“Con nuestros gritos de entusiasmo le dábamos la bienvenida a la contingencia. Pasábamos de lo uniforme a la multiplicidad del acaecer.”
› Por Leonardo Moledo
Antes lo sabía de memoria, pero supongo que me olvidé; era el primer párrafo de Nadie, nada, nunca: alguien miraba el río, y luego el resplandor algo enceguecedor de la tarde, y más allá la isla; algo por el estilo. Me acuerdo, eso sí, que lo empecé a leer durante algunas vacaciones, y me acuerdo, eso también, que era una tarde en la que, oportunamente, el resplandor enceguecía, adaptándose convenientemente a la lectura, esto es, como debe ser, una tarde en la que también el resplandor enceguecía, y ese capítulo transcurrió, una tarde en que también el resplandor enceguecía, como un juego de luces de Juan L. Ortiz, aunque con un modus, un talante más santafesino que entrerriano. Pero de todos modos los colores cambiaban. Y me acuerdo, por qué no, que el segundo capítulo empezaba exactamente de la misma manera: el río, y luego el resplandor algo enceguecedor de la tarde, y más allá la isla; algo por el estilo. Revisé el libro, pensé que se trataba de un error editorial. Y no, luego pensé, ingenuo de mí, que Saer quería crear una atmósfera, mirada a través de un prisma que mostrara las variaciones de la luz y los puntos de vistas, y las miradas. Y tardé en comprender la clave cierta, irremediable y triste de esa literatura engañosa, en la que todo es mentira; nada se muestra y todo se oculta, a fuerza de repetición los signos pierden sentido y significado, y se desnudan como lo que son; signos verdaderamente vacíos.

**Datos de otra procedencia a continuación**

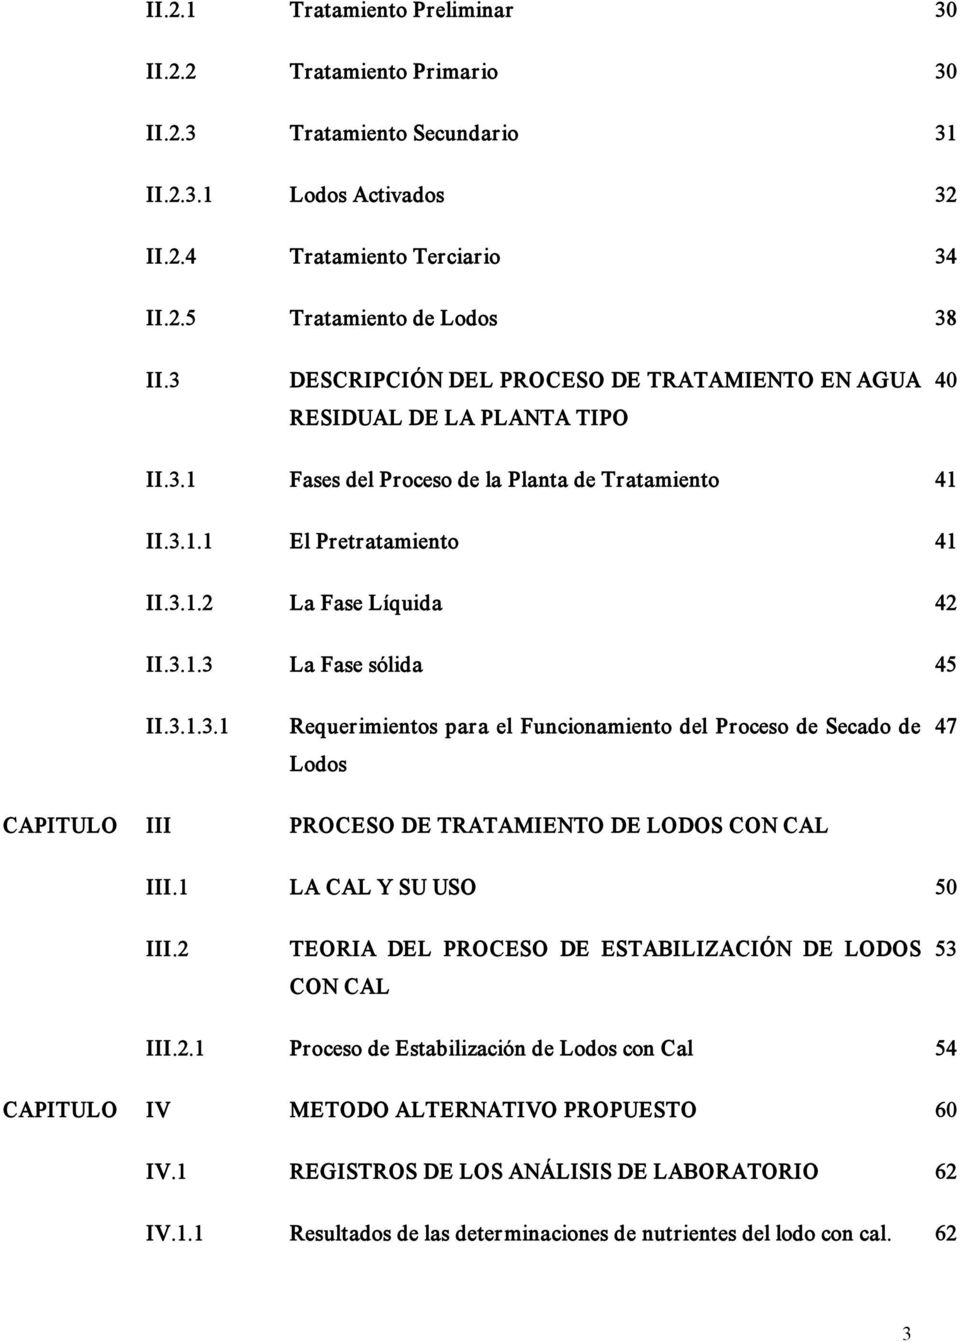 3.1.3.1 Requerimientos para el Funcionamiento del Proceso de Secado de Lodos 47 CAPITULO III PROCESO DE TRATAMIENTO DE LODOS CON CAL III.1 LA CAL Y SU USO 50 III.

Un prisma que a fuerza de insistir en la multiplicidad de los puntos de vista, rotundamente subraya que no existe punto de vista alguno (no es posible un punto de vista). Y que en última instancia, no existe la mirada, porque la mirada debe ser mirada de alguien sobre algo, y allí, verdaderamente no hay nadie que mire y nada para ser mirado. A un paso, sólo a un paso de la temible nada literaria (nada metafísica literariamente alcanzada, en realidad), del abismo de un mundo sin objetos, sin personas, sin libros, sin lectores, en el que nadie nunca percibirá nada. Todo el mundo conocido reposaba sobre nuestros recuerdos. Nosotros éramos sus únicos garantes en ese medio liso y uniforme, de color azul. El sol atestiguaba, día a día, regular, cierta alteridad, rojo en el horizonte, incandescente y amarillo en el cenit. Pero era poca realidad. (El entenado)
En el mundo hay poca realidad; en verdad el mundo no existe, y sólo persiste esa nada a la que nos aferramos mediante la literatura.